As a command economy, China can step up trade and investment quickly, analysts say.

"China has all the levers," said Shahriman Lockman, senior foreign policy and security studies analyst with the Institute of Strategic and International Studies in Malaysia. "Basically, the state is able to deploy those economic levers quite easily, whereas it's not so straightforward for the United States."

For Washington, he said, the levers "would need to make money."

U.S. role in Southeast Asia

ASEAN is comprised of Southeast Asian countries Brunei, Cambodia, Laos, Indonesia, Malaysia, Myanmar, the Philippines, Singapore, Thailand and Vietnam. They accept Chinese trade and investment but don't want to be "totally exposed" to China, Lockman said.

Brunei, Malaysia, the Philippines and Vietnam dispute tracts of the South China Sea with Beijing, which claims 90% of the resource-rich waterway and has a military lead over the other countries.
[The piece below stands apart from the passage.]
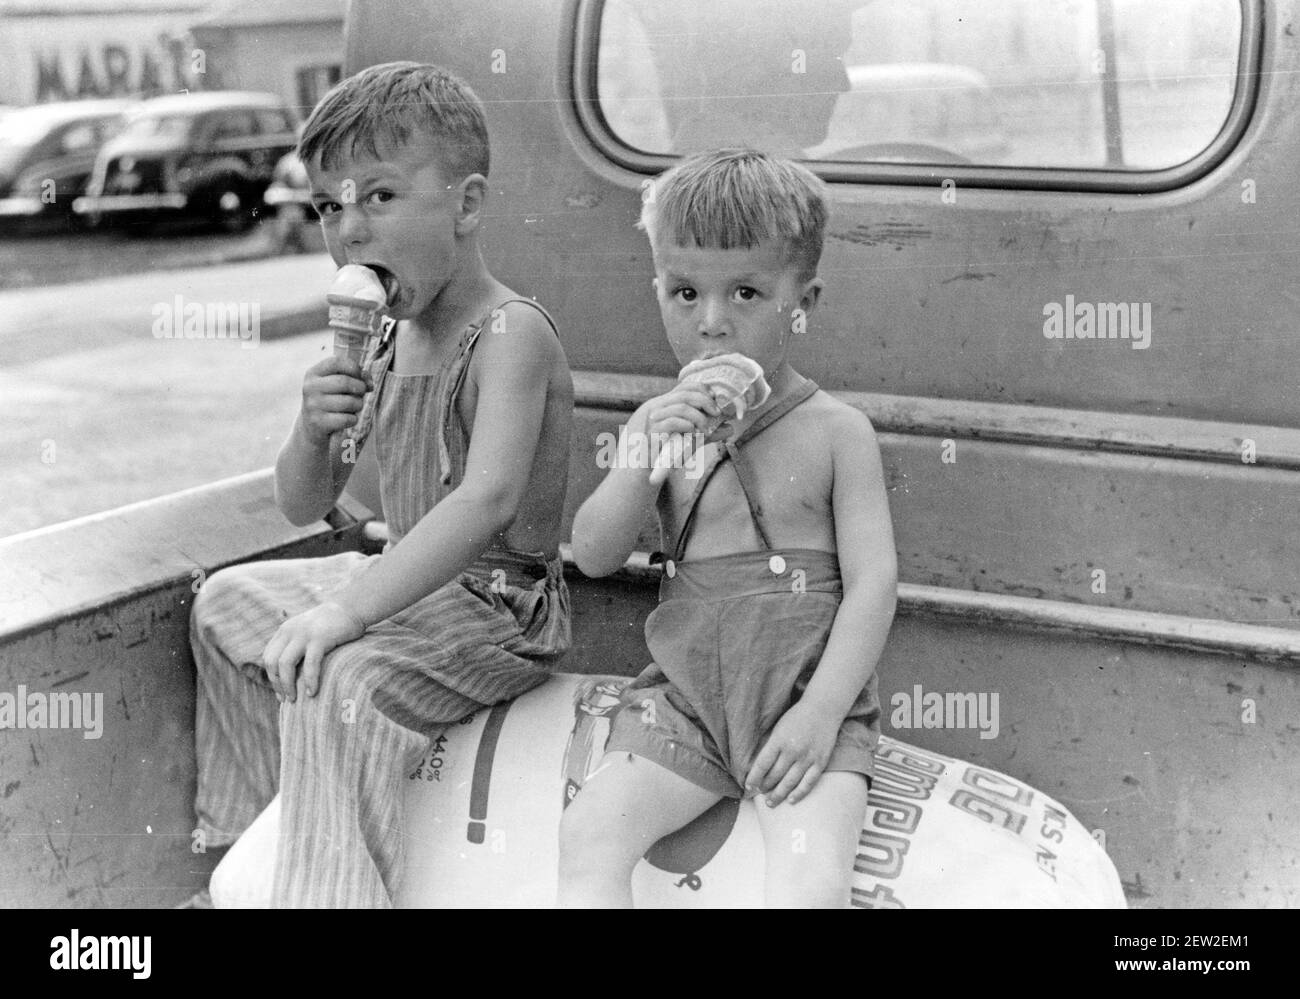 Farm boys eating ice-cream cones. Washington, Indiana, July 1941 Stock Photo
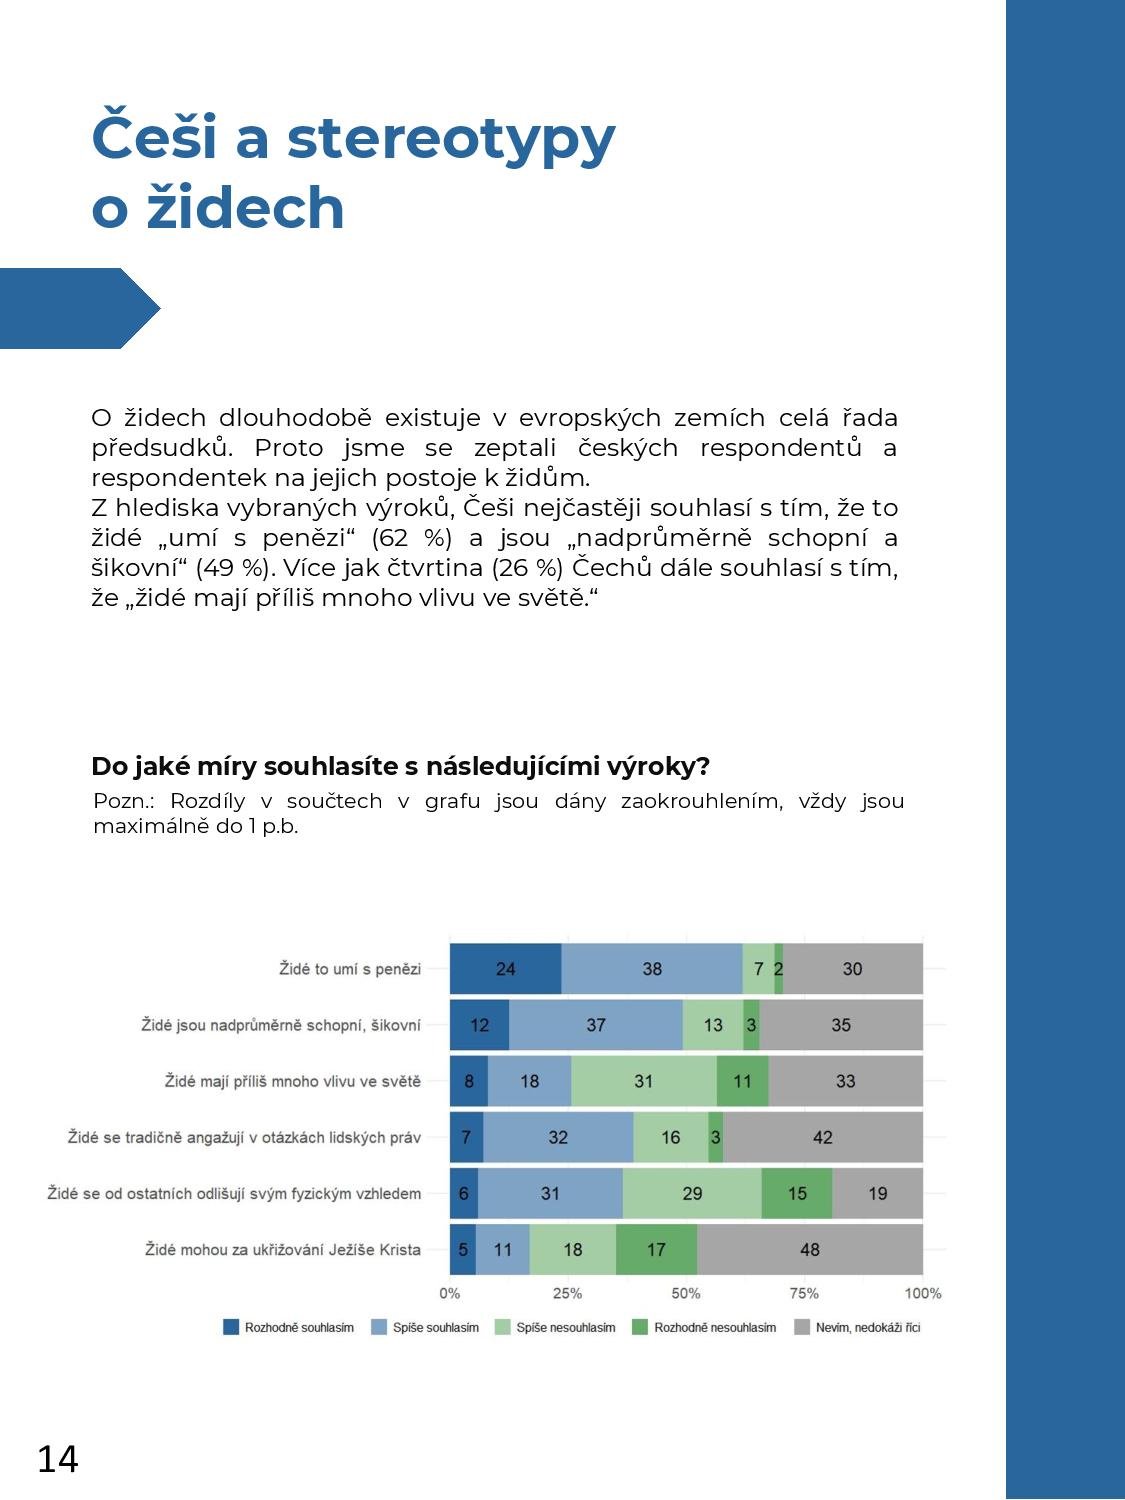 HCIS_PRCP_Public attitudes towards Israel_REPORT_CZ_Finální (2)-page-014.jpg

The United States backs the Philippines and Vietnam in resisting Chinese expansion in the sea.

Southeast Asian factories depend on Chinese companies as a source of raw materials, while consumers look to China for shipments of inexpensive daily goods.

Southeast Asian countries hope the United States will do more to end its 4-year-old trade dispute with China before import tariffs on both sides spill into other parts of the economy, said Jayant Menon, visiting senior fellow with the ISEAS-Yusof Ishak Institute's Regional Economic Studies Program in Singapore.

The U.S. Securities and Exchange Commission is now eyeing 80 Chinese firms for possible removal from American stock markets, a key source of capital.

"I guess ASEAN leaders would be keen to get some reassurance that there is a commitment towards resolving this trade war sometime down the track," Menon said.

Liu Pengyu, spokesperson for the Chinese embassy in Washington, D.C., encouraged the United States to do more for Asia.

"China hopes that when participating in regional cooperation with East Asia countries, the U.S. will abandon the Cold War mentality and … do more things conducive to regional peace, development and prosperity," he said.

Too early for deals?

The summit this week will not produce any formal economic-related agreements, experts predict. But language in any joint statements could signal where the ASEAN goes next with the United States, Rabena said.

Biden will meet ASEAN leaders on Friday to "recognize (an) ASEAN central role in delivering sustainable solutions to the region's most pressing challenges," White House press secretary Jen Psaki told reporters last week.

Statements from the summit will probably allude to avoidance of future health crises, measures to ease climate change and steps toward a "green" economy, Menon said.